New Delhi, April 29: There is a question that keeps coming up in foreign policy conversations, in editorial meetings, in the kind of off-the-record chats that happen over tea in South Block corridors. Nobody asks it loudly. But everyone is asking it.

Is Pakistan actually a state anymore?

Not in the legal sense. On paper, the answer is obvious: it has borders, a flag, nuclear weapons, a seat at the United Nations, and a prime minister who posts on X. But paper is not the same as reality. And the reality of Pakistan in April 2026 is something that resists easy categorisation. It is a country that is simultaneously hosting US-Iran peace talks and watching its own lawyers get sentenced to seventeen years for criticising the army on social media. A country that is diplomatically ascendant and domestically coming apart. A balloon, to use an image that keeps suggesting itself, that looks impressively full but only because someone keeps pumping gas into it from outside.

The Borrowed Air

Let us start with the economics, because that is where the structural rot is most visible.
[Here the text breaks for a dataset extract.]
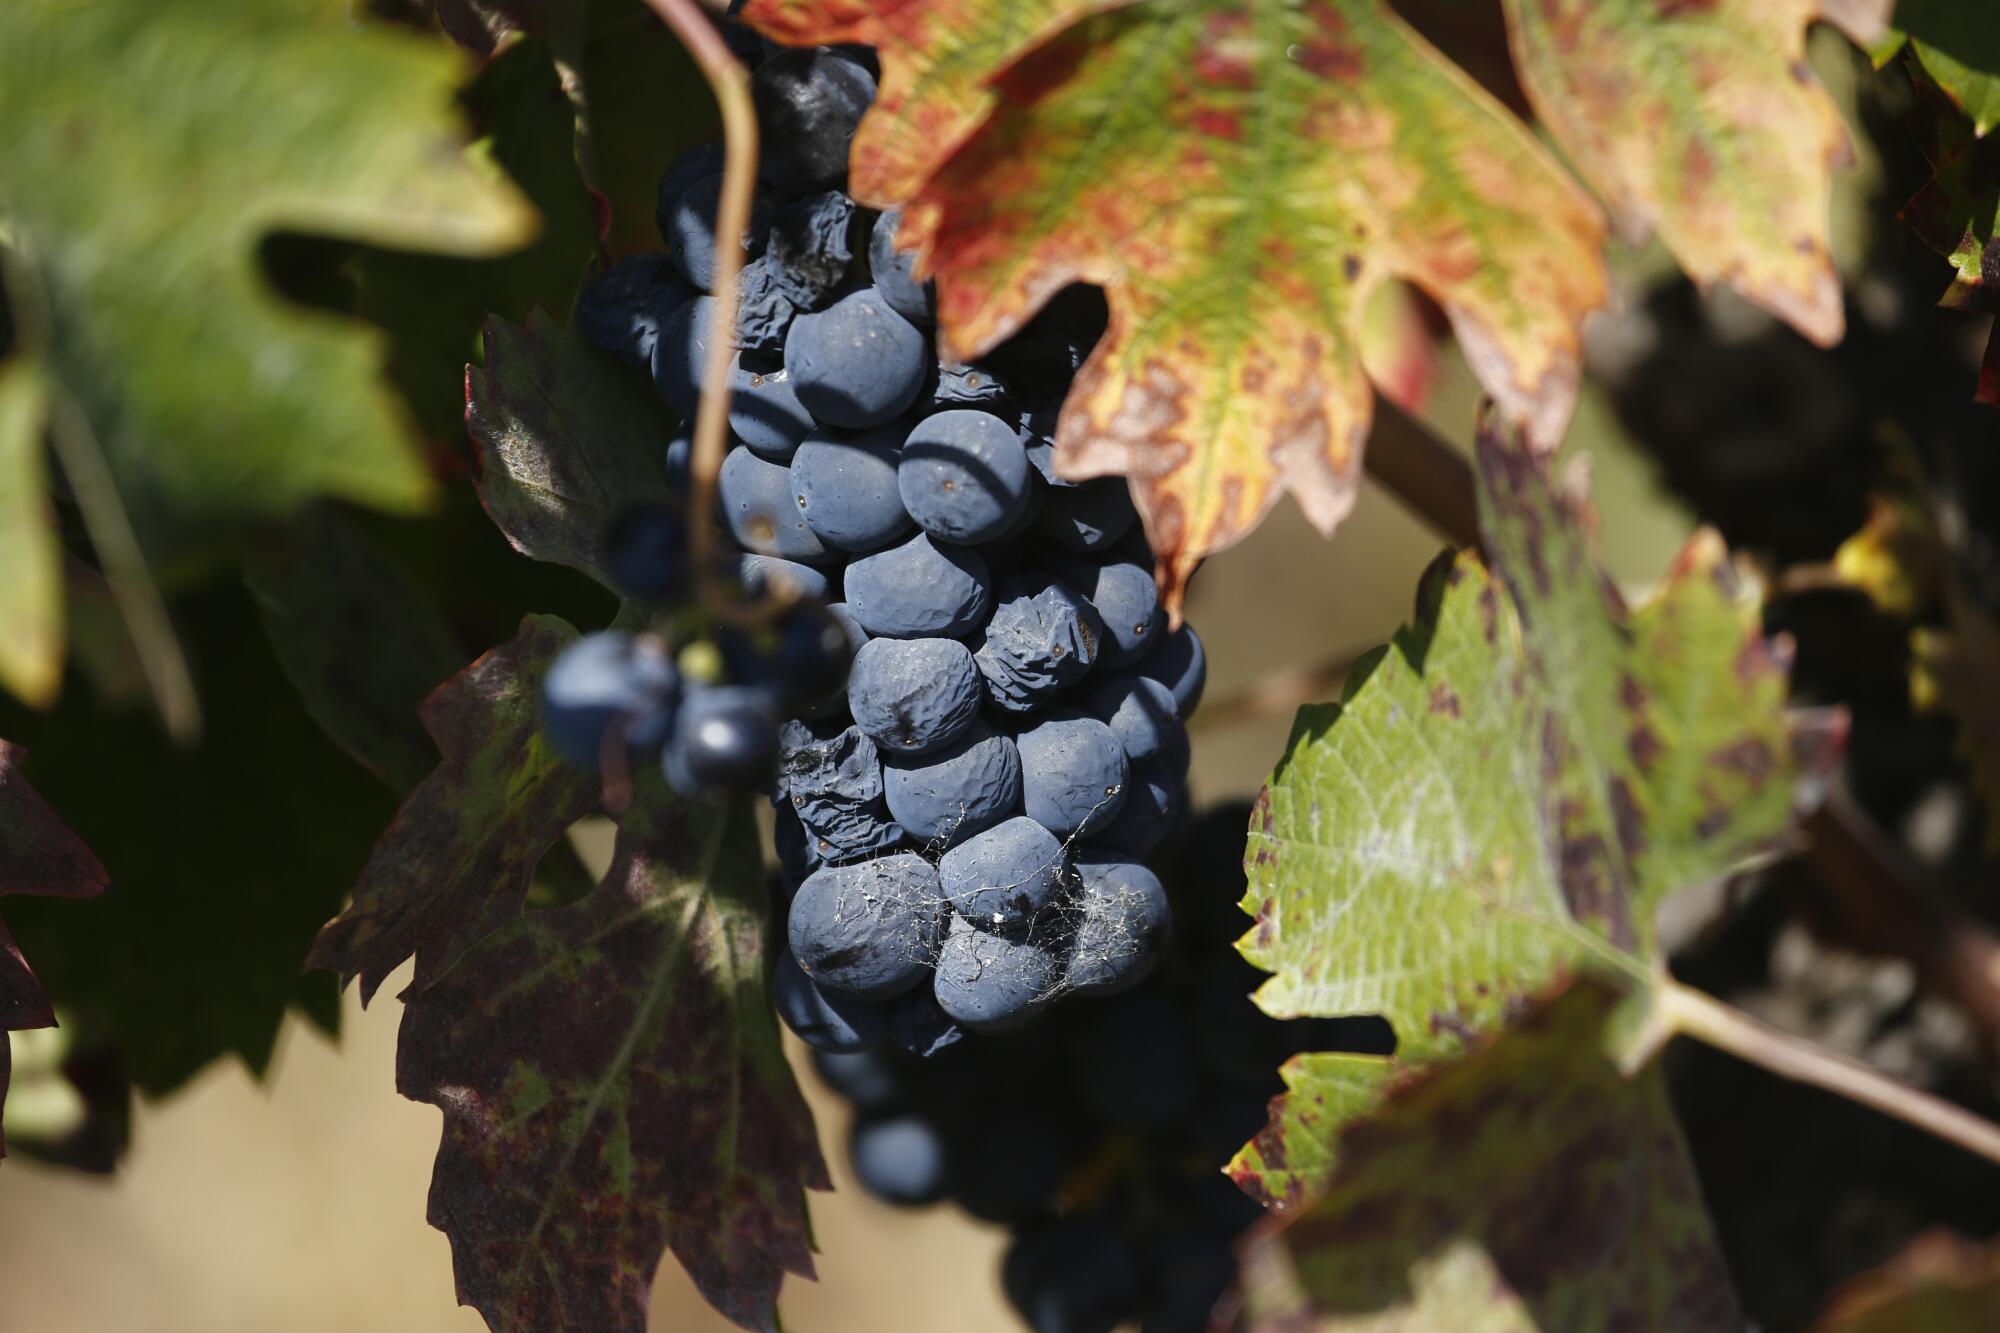 Wine grapes in the Russian River Valley of Sonoma County. Some winemakers fear that much of the wine in the process of being fermented and aged is ruined by the Kincade fire.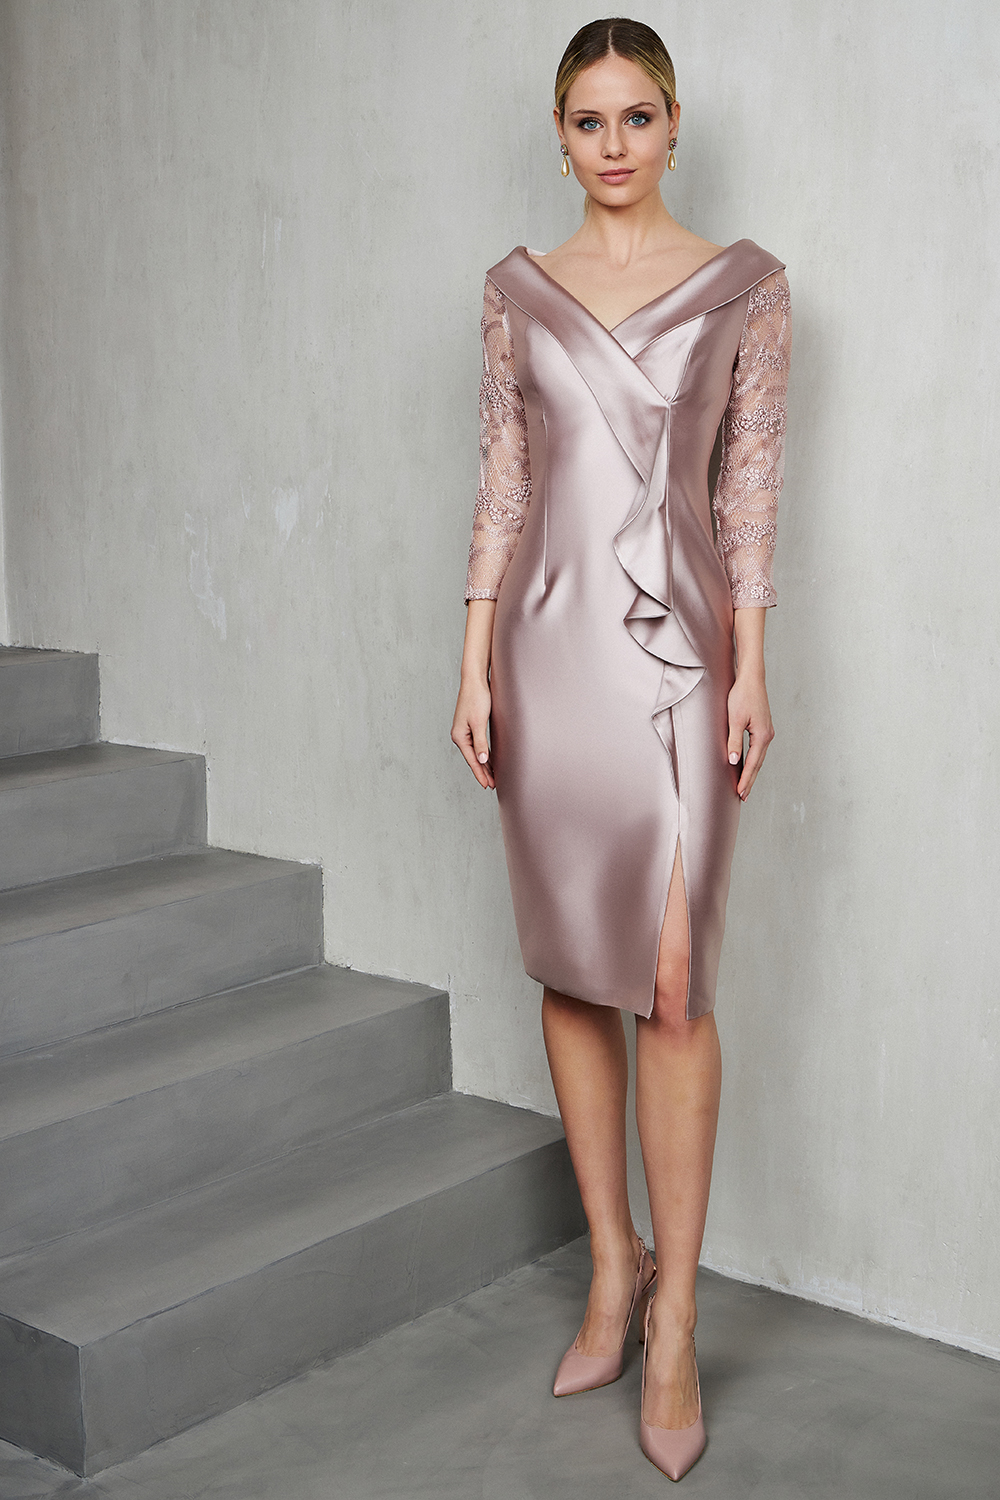 Short evening satin dress with lace on the sleeves for the mother of the bride

Pakistan entered 2026 on IMF life support. Its foreign exchange reserves are chronically low. Its debt burden is punishing. The stabilisation that officials in Islamabad and some cheerful analysts in Washington have pointed to as evidence of recovery rests almost entirely on borrowed money, Gulf remittances, and loan rollovers from friendly governments, China, Saudi Arabia, and the UAE. As Dawn’s own editorial board noted in January, this is a short-term gain sitting on an unsustainable foundation. Meaningful structural reform of the tax system, the energy sector, and public expenditure has simply not happened. The privatisation of PIA, long delayed and politically painful, was finally pushed through. But it is one transaction in an economy that needs a dozen systemic overhauls.

Meanwhile, the World Bank puts Pakistan’s poverty rate at 44 per cent. Four in ten children under five are stunted from malnutrition. The population is growing at 2.5 per cent annually, which means roughly six million new mouths every year in a country that already cannot adequately feed, school, or employ the people it has. These are not the numbers of a state in recovery. These are the numbers of a state in slow collapse, dressed up in diplomatic victories.

What Happened in May

To understand where Pakistan is now, you have to go back to last spring.

On April 22, 2025, gunmen attacked tourists in a meadow near Pahalgam in Indian-administered Kashmir. Twenty-six people were killed, most of them Hindu tourists from across India. The attack was brutal in a particular way victims were reportedly shot execution-style, singled out by religion. India blamed Pakistan. Islamabad denied any involvement. The Resistance Front, a group New Delhi considers a front for the Pakistan-based Lashkar-e-Taiba, initially claimed responsibility and then retracted the claim in a manner that satisfied nobody.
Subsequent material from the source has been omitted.